Figure 1. Immunofluorescence for Chromogranin A, E-cadherin, KRT20, and DAPI in Epithelial Organoids

Epithelial organoids grown in IntestiCult™ OGM express chromogranin A (CHGA; for enteroendocrine cells; in green), e-cadherin (ECAD; for renal epithelium cells; in red), KRT20 (for enterocytes; in yellow), and DAPI (for nuclei; in blue). This image was contributed by STEMCELL Technologies.

Materials

  • Dulbecco’s phosphate-buffered saline without calcium and magnesium (D-PBS)
  • Citrate buffer, stored at 2 – 8°C for up to 6 months
    MaterialQuantity
    dH2O1L
    Sodium citrate dihydrate2.94g
    HCl to adjust pH6.0pH
    Tween® 200.5mL
  • 1.7 mL-tube heating block
  • Permeabilization solution
    MaterialQuantityFinal concentration
    PBS99mL
    Triton™ X-1001mL1% v/v
    • Without serum, may be stored at room temperature for 1 year
  • Normal serum
    • Should be the same species as used to generate the secondary antibody for immunostaining
  • Immunofluorescence buffer, stored at 2 – 8°C for up to 6 months
    MaterialQuantityFinal concentration
    PBS499mL
    BSA500mg0.1% w/v
    Triton™ X-1001mL0.2% v/v
    Tween® 200.25mL0.05% v/v
  • Primary and secondary antibodies diluted in the immunofluorescence buffer at appropriate dilution factor
  • 50% methanol solution
  • 100% methanol
  • ProLong™ Gold Antifade Mountant OR other mountant that roughly matches the refractive index (RI) of proteins (~1.35-1.6)
  • Coverslip

Protocol

Antigen Retrieval (Optional)

Antigen retrieval is only meant for samples fixed in PFA or other cross-linking agents.
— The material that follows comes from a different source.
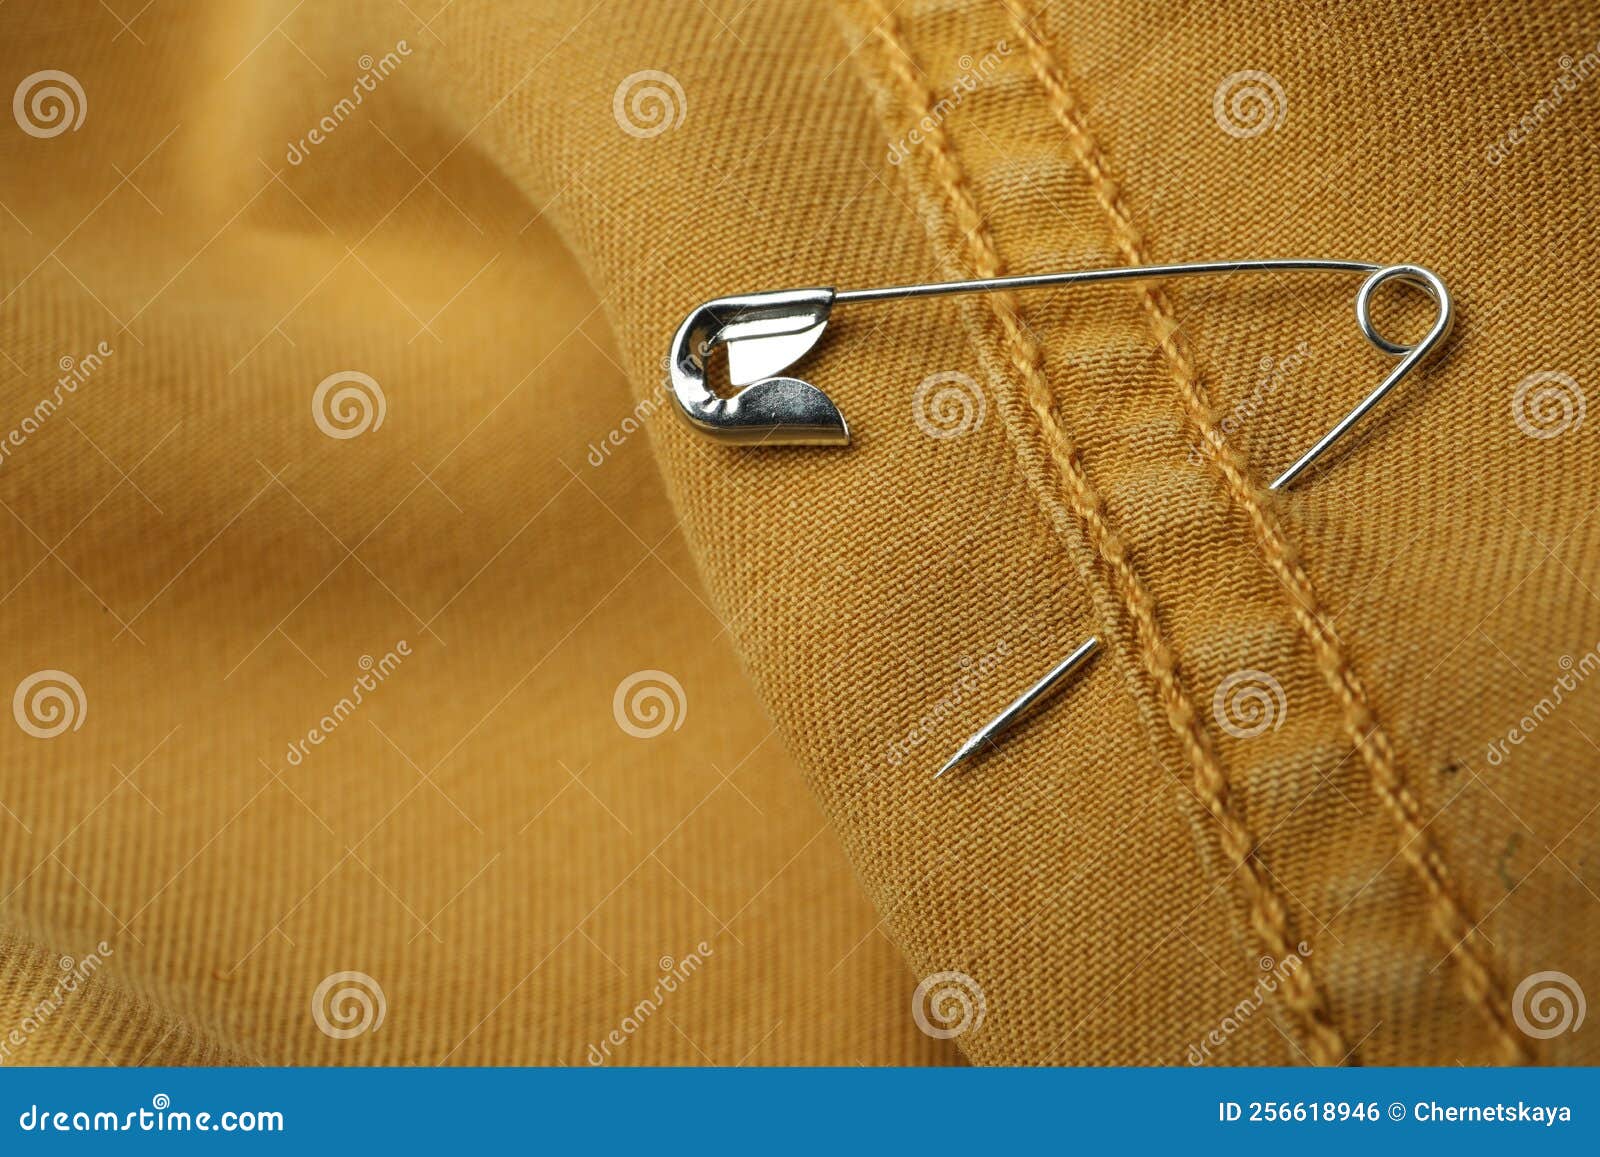 Pin on Clothing

It is an essential step when staining for some antigens (e.g. keratin 8/18) but is optional for other antigens (e.g. acetylated tubulin). Samples fixed in methanol or other organic solvents should not undergo antigen retrieval. Samples fixed in alcohol or other dehydration-type fixatives should not be boiled.

  1. Aspirate PBS and add 1 mL of citrate buffer to the organoids.
  2. Set a 1.7 mL-tube heating block to 98°C. Once the heating block reaches 96 – 98°C, place the tube in the heating block and incubate for 20 minutes.
  3. Turn off the heating block. Allow the organoids to sit in the heating block for an additional 20 minutes while it cools down.
    Caution the tubes can be hot at this point. If needed, use tweezers to remove the tubes.
  4. Proceed to permeabilization and blocking steps.

Cell Permeabilization and Blocking

Permeabilization of cells is only needed for intracellular targets. If assessing the surface markers, there is no need for permeabilization. Methanol-fixed samples may not require permeabilization.

  1. Create the permeabilization / blocking solution by adding 5% normal serum (v/v) to the permeabilization solution.
    The animal serum used for blocking should be the same as the host of the secondary antibody. For example, if you are planning on using donkey secondary antibodies, donkey serum should be used for this step. Add fresh serum each time; do not store permeabilization / blocking solution long term with serum.
  2. Aspirate the citrate buffer and add 1 mL of permeabilization / blocking solution to the organoids. Place the tube on its side on a tilting platform and incubate at room temperature with agitation for 1 – 72 hours.
    The incubation period may need to be optimized for each tissue, antigen, and antibody. Often, however, the incubation period may range from 1 – 72 hours with little to no difference in background signal.
    If the cells have been fixed in PFA, consider washing the organoids with 0.3 M glycine for 30 minutes before blocking. Glycine will bind to unreacted aldehyde groups to quench PFA autofluorescence and to prevent free aldehydes from reacting with primary or secondary antibodies, thereby causing a high background signal.

Primary Staining

Typical primary antibody dilutions for organoid whole mount are 1:400 – 1:800; titrate as needed per antibody. User optimization for dilutions may be required depending on the antibody. Use as little antibody as possible to mitigate background signal. Antibody incubation periods may need to be optimized for each tissue, antigen, and/or antibody.

  1. Aspirate the permeabilization / blocking solution and wash 3 times in immunofluorescence buffer. Allow the organoids to sit for 5 minutes between each wash.
  2. Add 0.5 mL – 1 mL of the primary antibody solution. The solution should include primary antibodies appropriately diluted in the immunofluorescence buffer.
    Some organoids should be set aside at this point as an isotype control and/or a secondary only control, especially if the antigen is rare or the antibody is new.
  3. Place the tube on its side on a tilting platform and incubate at room temperature for 16 – 72 hours with gentle agitation.

Secondary Staining

The secondary antibody must be raised against the same isotype as the primary. For example, if using mouse IgM as your primary you will need an anti-mouse IgM for your secondary. Typical antibody dilutions for secondary antibodies are between 1:500 and 1:1000. User optimization may be required depending on the antibody.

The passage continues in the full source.